Improvisation's always got to be given the structure to have an
event on, and my advice is always to go for something at the front
more than anywhere else because it's starting on a good footing,
and that doesn't mean to say starting at 100%, it might be good
always to start a solo from a perspective of being improvisation,
from not having to capture the ear but sort of find the place
to be heard in the music and that's a great way to start a solo."
Another highly melodious guitarist
that I respect is Mike Keneally who played on the Yes tribute CD
and has a few solo CDs in his own right. Have you listened to anything
from him, if so what is your opinion? Thanks for the music!

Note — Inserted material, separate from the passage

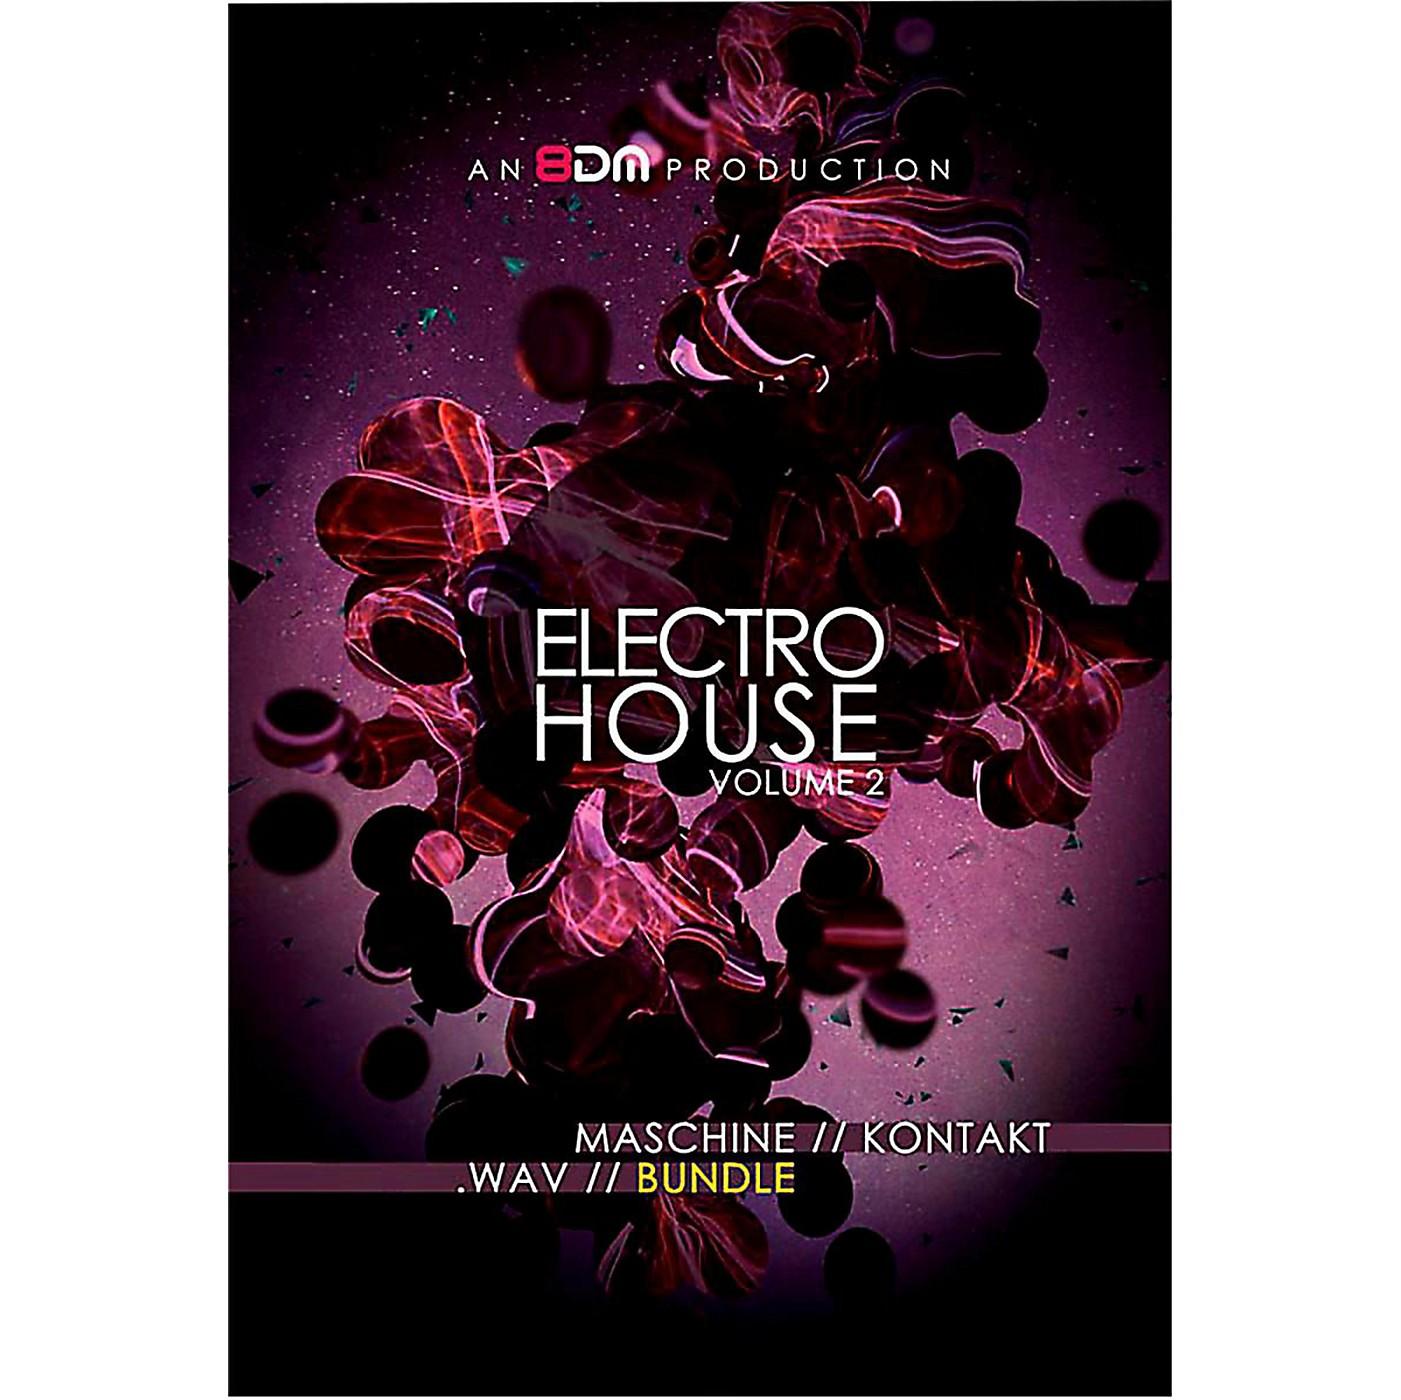 8DM Electro House Vol 2 Bundle (Wav/Kontakt/Maschine) thumbnail

"Part of tribute CD myself I did
listen to all of it and I heard some good and some scary things
[laughs] on there, but of course I heard Steve Morse and also
what Patrick [Moraz] did with 'Soon'. But I don't remember that
particular player, he wasn't singled out to me."
From: maestro@softcom.net
In your 'educated' eyes, in this
world today, if you were just starting out as a guitarist, and if
you felt that you had a 'special gift' to share, knowing what you
know about the 'real music biz', what and how would you go about
constructing a plan of success?
"I try to give myself five headings.
The first one is make sure you can play and you've got a strong
belief in your music that isn't blind faith but it's actually
about you understanding a mixture of reality and unreality which
music is. The next stage would be to learn how to communicate
with other people through your music, because if you can't do
that then you won't be able to work with other people. The third
thing is to start playing in front of people so that can start
to see and you learn quickly what works and what doesn't work,
providing you're not fooling yourself. Then the fourth stage is
really get aggressive, get in a band, forge your way through to
get a group established until it feels like this is the beginning
of a career. The fifth thing, the most dangerous step, is when
you have really got something to offer that you can capitalize
and benefit front that and not just in the musical, the health
of being a musician, of playing music, but actually benefit from
it by not either flitting away or allowing others to flit it away
for you and find that you're left with nothing. So the fifth thing
is the most important really because as you get older you want
some kind of security and a musician can't have normal security
but we can formulate some sense of structure around ourselves,
and that costs money and means you don't give it to somebody else
or don't just waste it but invest it in your own music, your instruments,
in your time in your studio, and watch that part of it. If you
get to stage five you're doing great bur remember you can blow
it at any of those stages."
From: jc Harris
I would like to know the precise
source of the repeating sound effect which immediately precedes
the return of the 'South Side of the Sky' theme near the end of
the piece. This is fades in as the piano theme/blowing wind fades
out and last about 5-6 seconds. It sounds like sandpaper or some
machine playing sixteenth notes.
"To be perfectly honest I can't
remember. That was one of the most fabulous tracks Yes ever did
in the studio and we could never play that on stage, never seemed
to play that right. It was very much about sound, much more about
the position of the things and of course we were getting more
into stereo. 'South Side' was an epic song but it was based around
suck a rocking driving thing. But that sound in those day it could
have been a feedback that was happening, so it could be a delay
thing
if I heard it I might have a clue."
Did Yes play it after FRAGILE?
"Very very rarely. I think we
tried it occasionally in rehearsals and maybe once or twice on
the stage, as it went down or came back but it was a more or less
forgotten song and we kind of lost in a way the art of how to
play that song. It wasn't an easy one to play oddly enough even
though it sounds like we're just having a good time, funny it
poses such problems because we never seemed to decide to play
all the middle and all the vocals were difficult to sing, there
was a whole positioning thing about it being very orchestrated
and a rock strong the next minute, so it was a whirly sort of
number."
From: Vic Johansen
Besides the obvious Yes compositions,
one of my favorite recordings in recent years was your work with
Paul Sutin on VOYAGERS. Will your next recording with Paul be in
a similar vein or will you be exploring a newer direction?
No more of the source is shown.